The spec is the optimization. Every flag you set explicitly is a failure mode you prevented. Every flag you left at default is a decision the engine made for you — and it doesn’t know your latency budget, your GPU count, or your traffic pattern. Write the serving spec before the Dockerfile. The Dockerfile implements the spec. Not the other way around.

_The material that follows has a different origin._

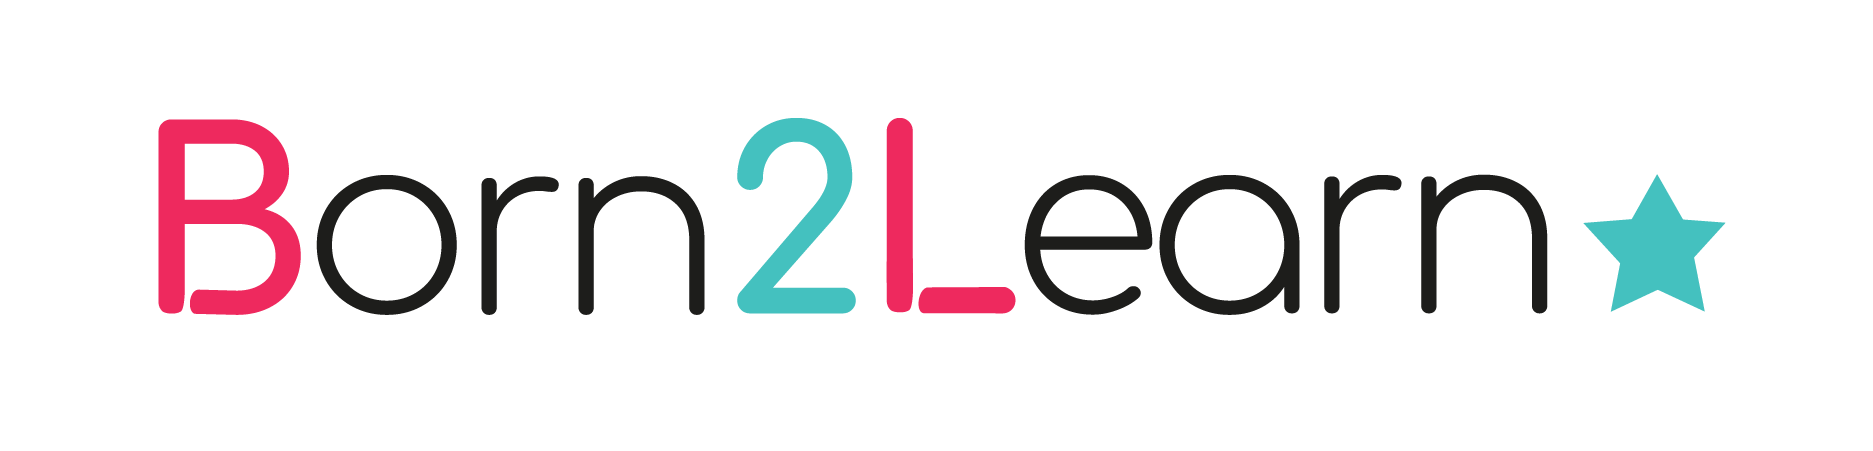 Born2Learn - formations de langues innovantes en ligne Icon

Frequently Asked Questions

Q: How to set up a production LLM inference server with vLLM step by step in 2026? A: Install vLLM v0.18.0, point it at your model path, and set --performance-mode to match your workload (throughput, interactivity, or balanced). The server exposes an OpenAI-compatible endpoint at localhost:8000. The step most teams skip: profiling concurrent request volume before choosing batch and memory settings — that single measurement determines whether your config survives real traffic.

Q: How to benchmark and load-test an LLM inference endpoint for latency and throughput? A: Ramp concurrency in stages (1, 10, 50, 100) and log throughput (tok/s), p50/p95 TTFT, and VRAM usage at each level. Run each stage for at least five minutes to catch memory drift. The metric that matters most isn’t peak throughput — it’s the concurrency level where p95 latency crosses your SLA, because that’s your actual capacity ceiling.

Q: How to choose between vLLM, TensorRT-LLM, and SGLang for production inference workloads? A: Start with your constraints: vLLM if you need an OpenAI-compatible API running today, TensorRT-LLM if you’re NVIDIA-committed and can invest in model compilation for peak throughput, SGLang if your workload is multi-turn with shared prefixes. A pattern teams miss: running two engines — SGLang for chat, vLLM for batch — behind a routing layer that matches traffic type to optimization target.

Q: How to reduce LLM inference costs with FP8 quantization, PagedAttention, and speculative decoding? A: Stack all three. FP8 halves memory and roughly doubles throughput on Hopper GPUs. PagedAttention eliminates the 60-80% memory waste of static KV cache allocation. Speculative decoding cuts latency 2-3x on interactive paths. The order matters: PagedAttention first (it’s default), then FP8, then speculative decoding — each builds on the headroom the previous one created.

Your Spec Artifact

By the end of this guide, you should have:

  • A workload profile document: request type (single-turn, multi-turn, batch), target concurrency, p95 latency budget
  • An engine selection decision with the constraints that justified it
  • A configuration manifest: every flag, its value, its expected metric impact, and its rollback plan

Your Implementation Prompt

Paste this into Claude Code, Cursor, or your AI coding tool after filling in the bracketed values. It encodes the decision framework from Steps 1-4 into a deployment spec.

I need a production inference deployment spec for the following workload:

Model: [model name and parameter count, e.g., Llama-3.3-70B]
Engine: [vLLM | TensorRT-LLM | SGLang]
Hardware: [GPU type and count, e.g., 2x H100 80GB]
Workload type: [single-turn API | multi-turn chat | batch processing | mixed]
Peak concurrent users: [number]
p95 TTFT budget: [milliseconds]
Quantization: [FP8 | FP16 | W8A16]

Generate:
1. A Docker Compose or Kubernetes manifest that configures the engine with explicit settings for batch size, performance mode (if vLLM), and memory allocation — no defaults left unspecified.
2. A load-test script that ramps concurrency from 1 to [2x peak concurrent users] in stages, logging tok/s, p50/p95 TTFT, and VRAM at each level.
3. A rollback checklist: for each configuration flag, what to revert if the metric it targets regresses.
4. A security hardening section: network isolation rules, version pinning, and CVE-specific mitigations for the chosen engine.

Ship It

You now have a framework for decomposing inference deployment into four decisions: workload shape, engine constraints, configuration flags, and validation criteria. The serving stack is a specification problem. Treat it like one, and the 2AM pages stop.